▸ What to do:
Where a picture appears, skip it and copy everything else in the listing exactly.

▸ The data:
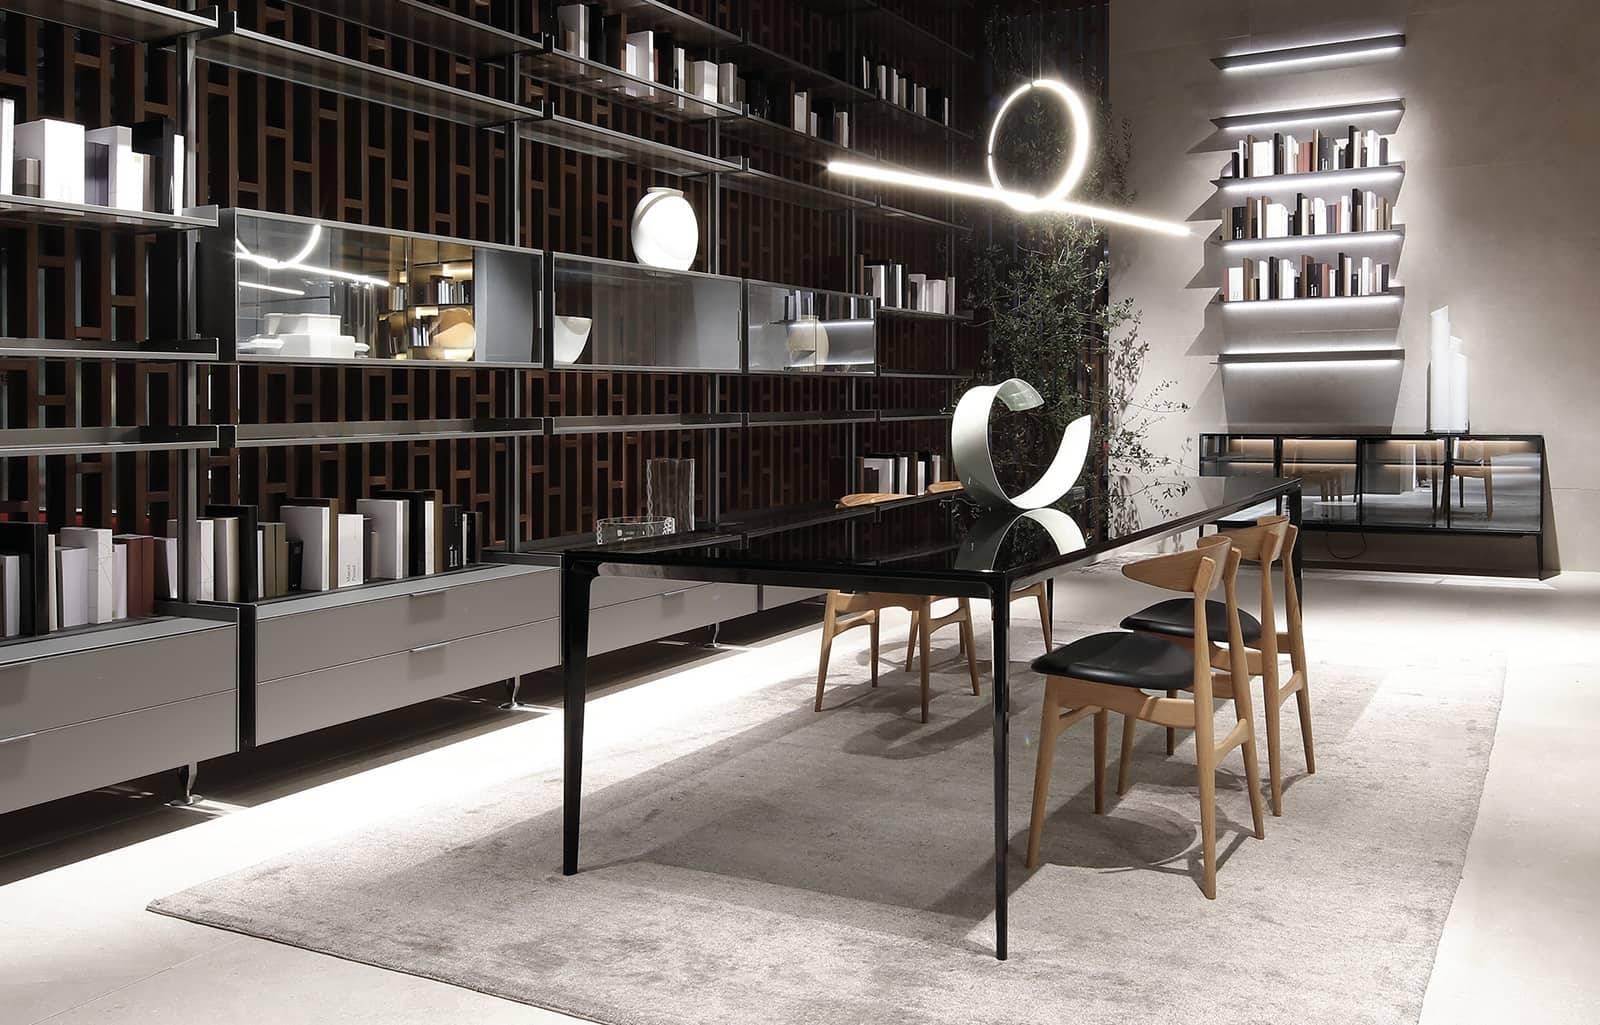 rimadesio long island glazen eettafel met grigio transparant glas en zwart aluminium poten
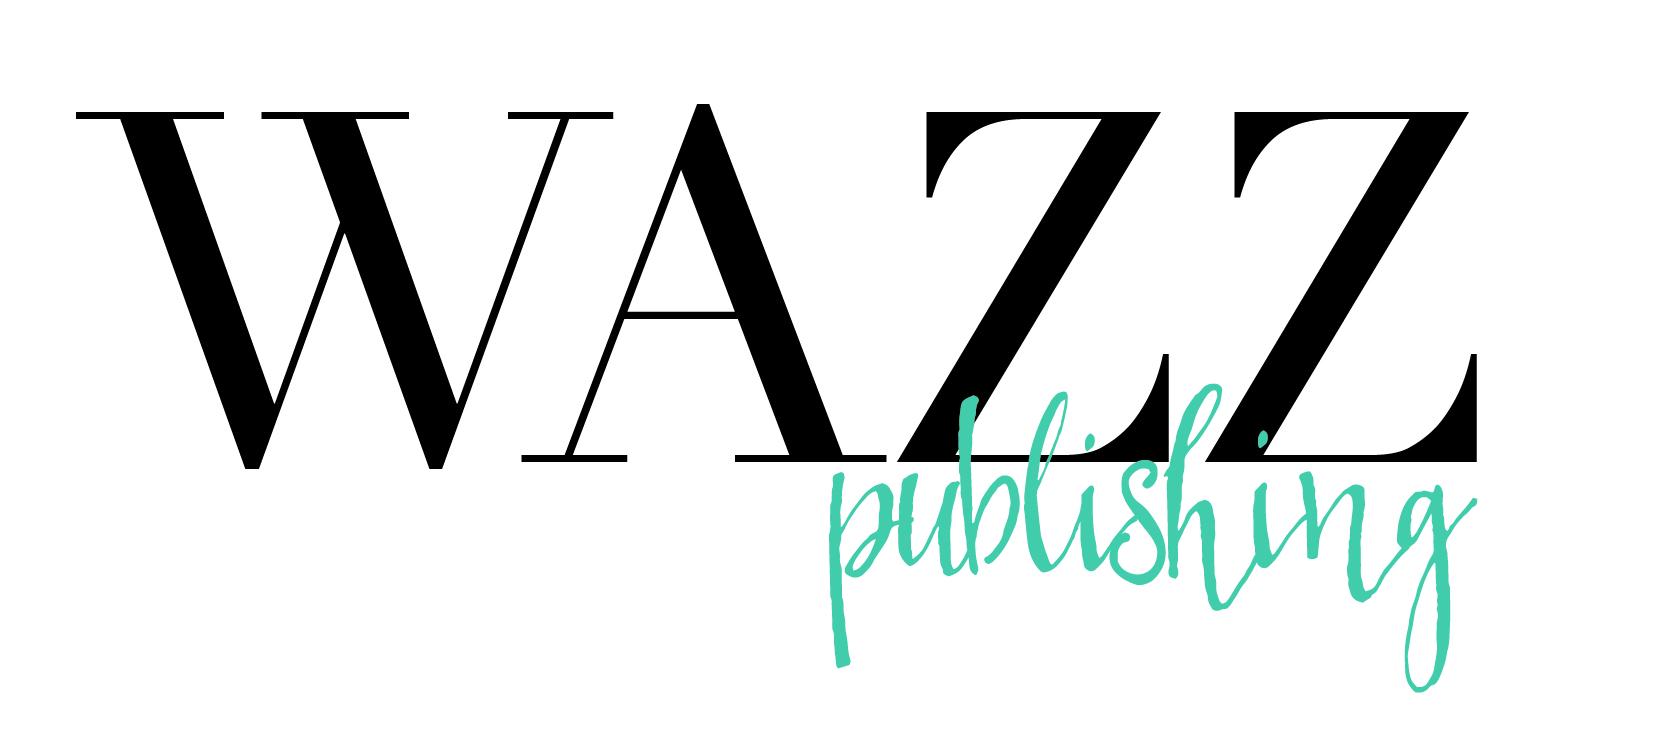 Wazz Publishing
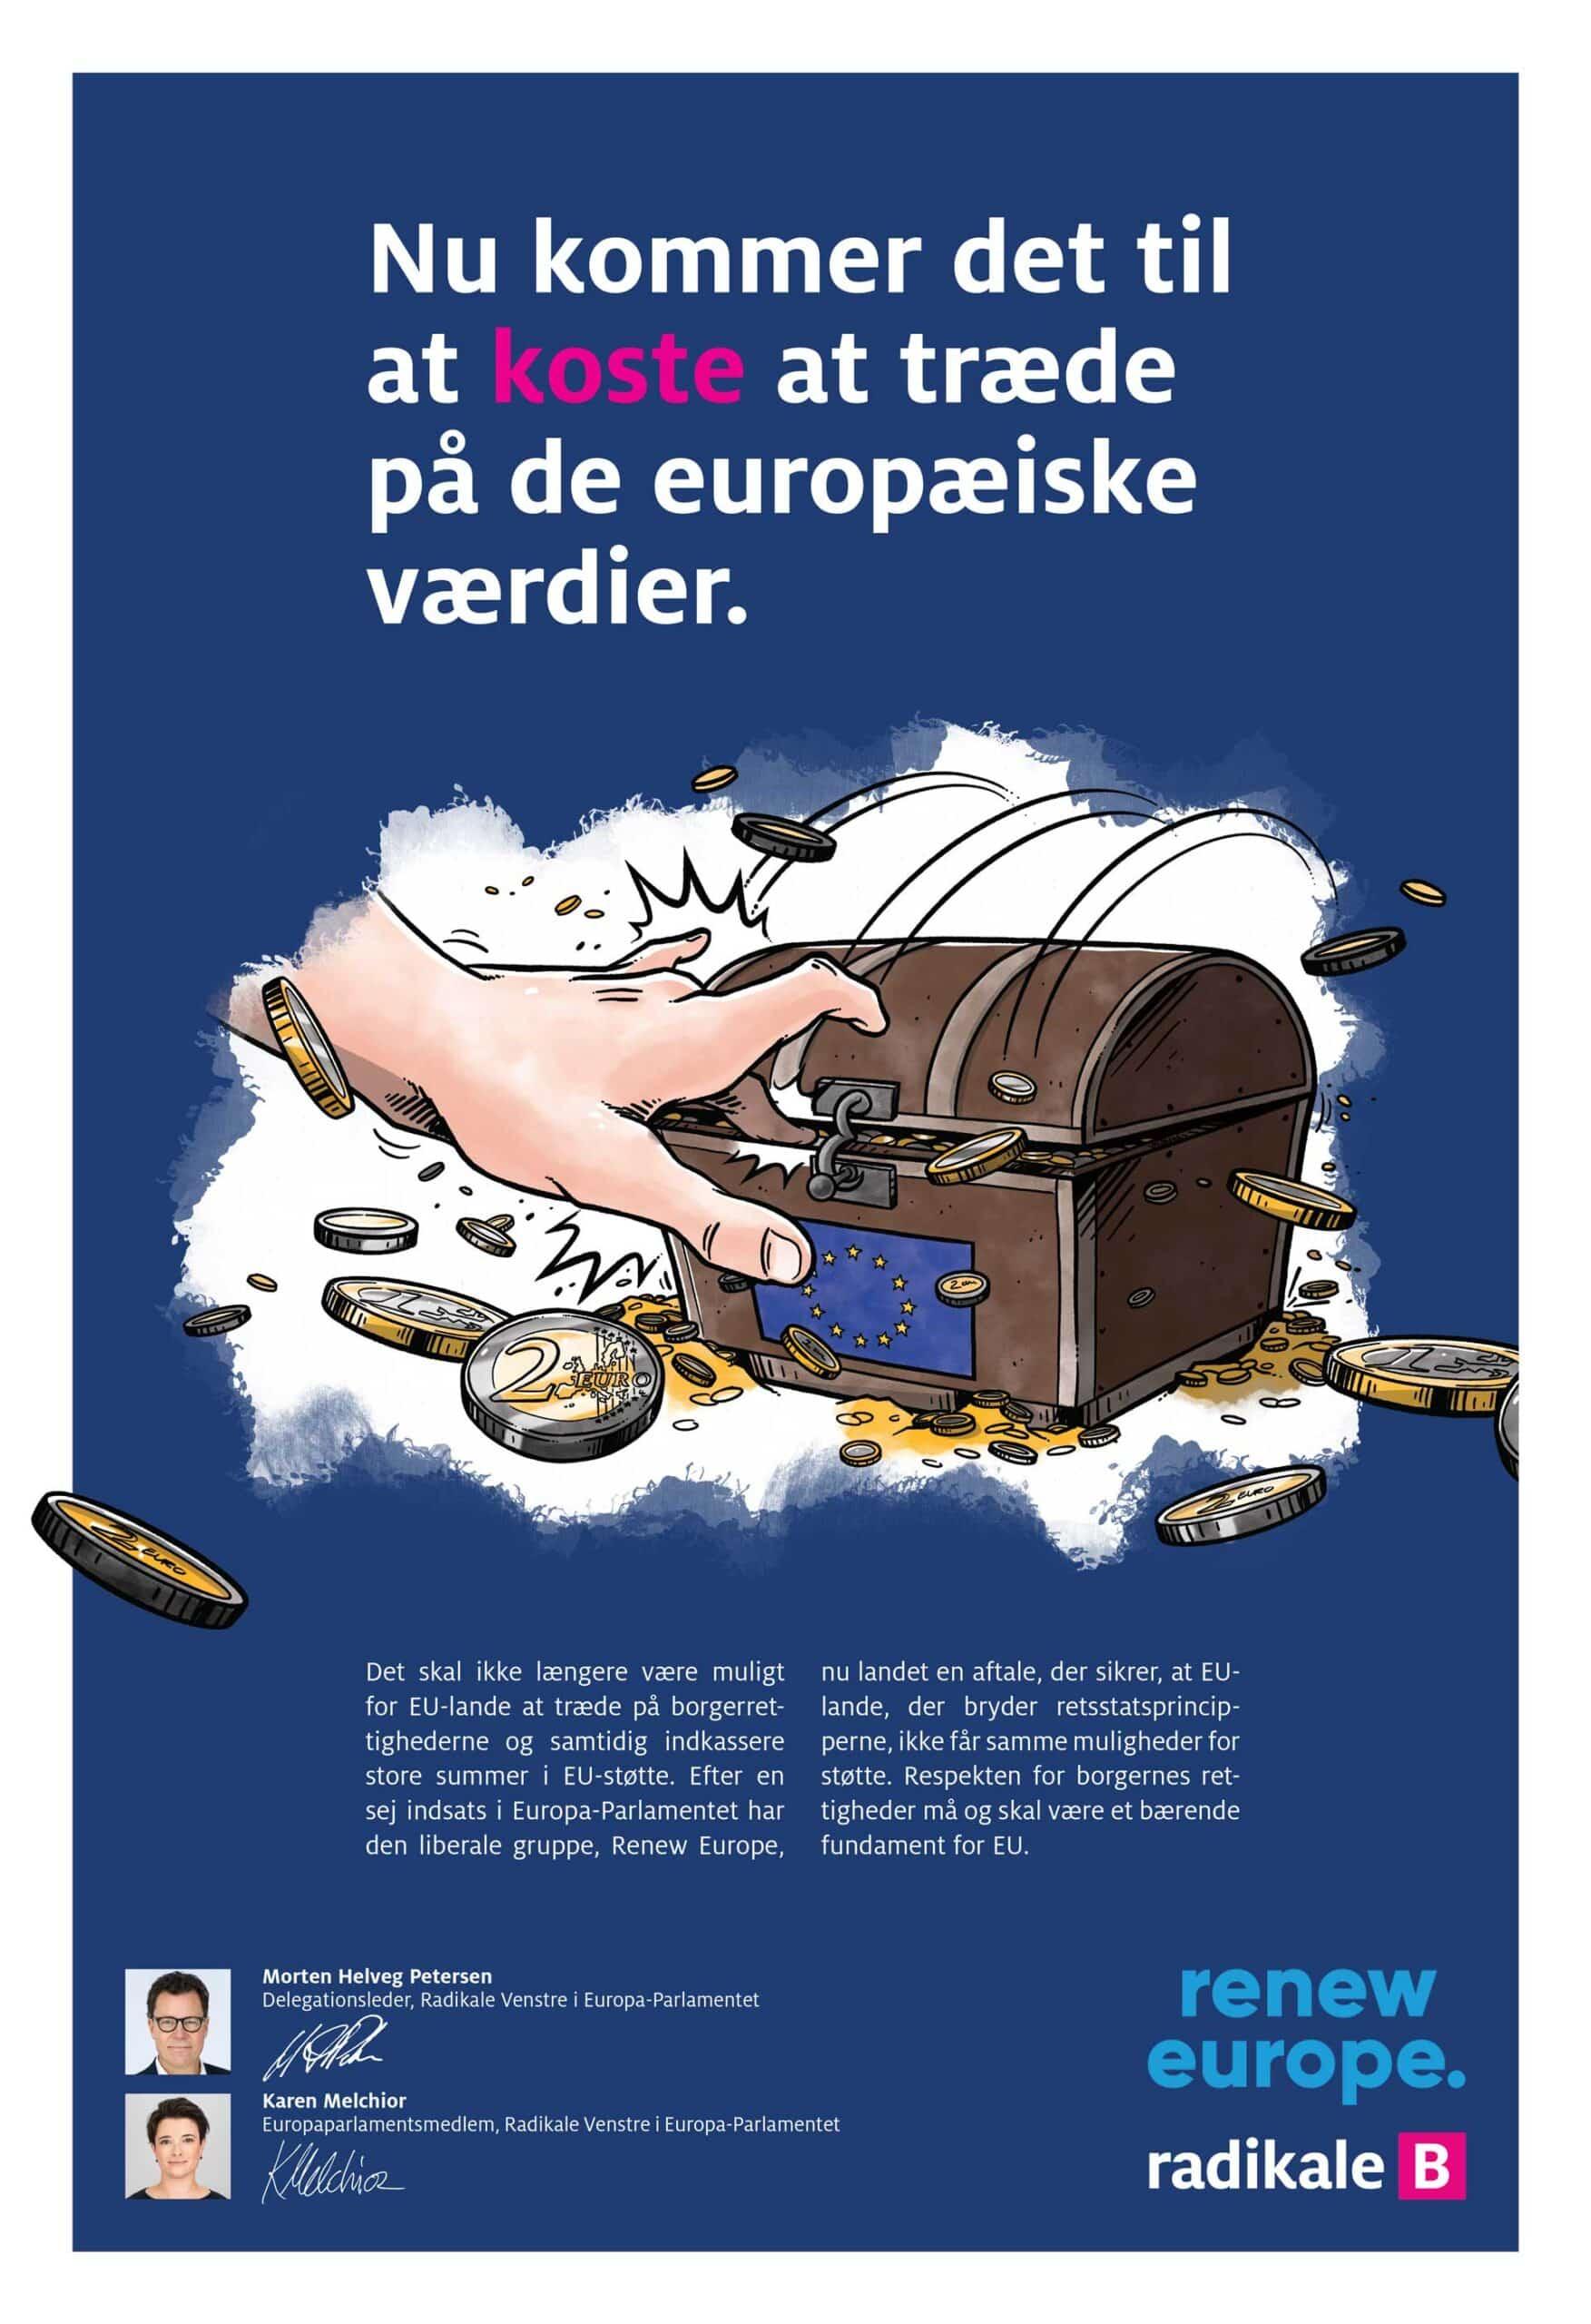 Artikelillustrationer for Radikale Venstre: Nu kommer det til at koste at træde på de europæiske værdier

▸ Result of the exercise:
 rimadesio long island glazen eettafel met grigio transparant glas en zwart aluminium poten
 Wazz Publishing
 Artikelillustrationer for Radikale Venstre: Nu kommer det til at koste at træde på de europæiske værdier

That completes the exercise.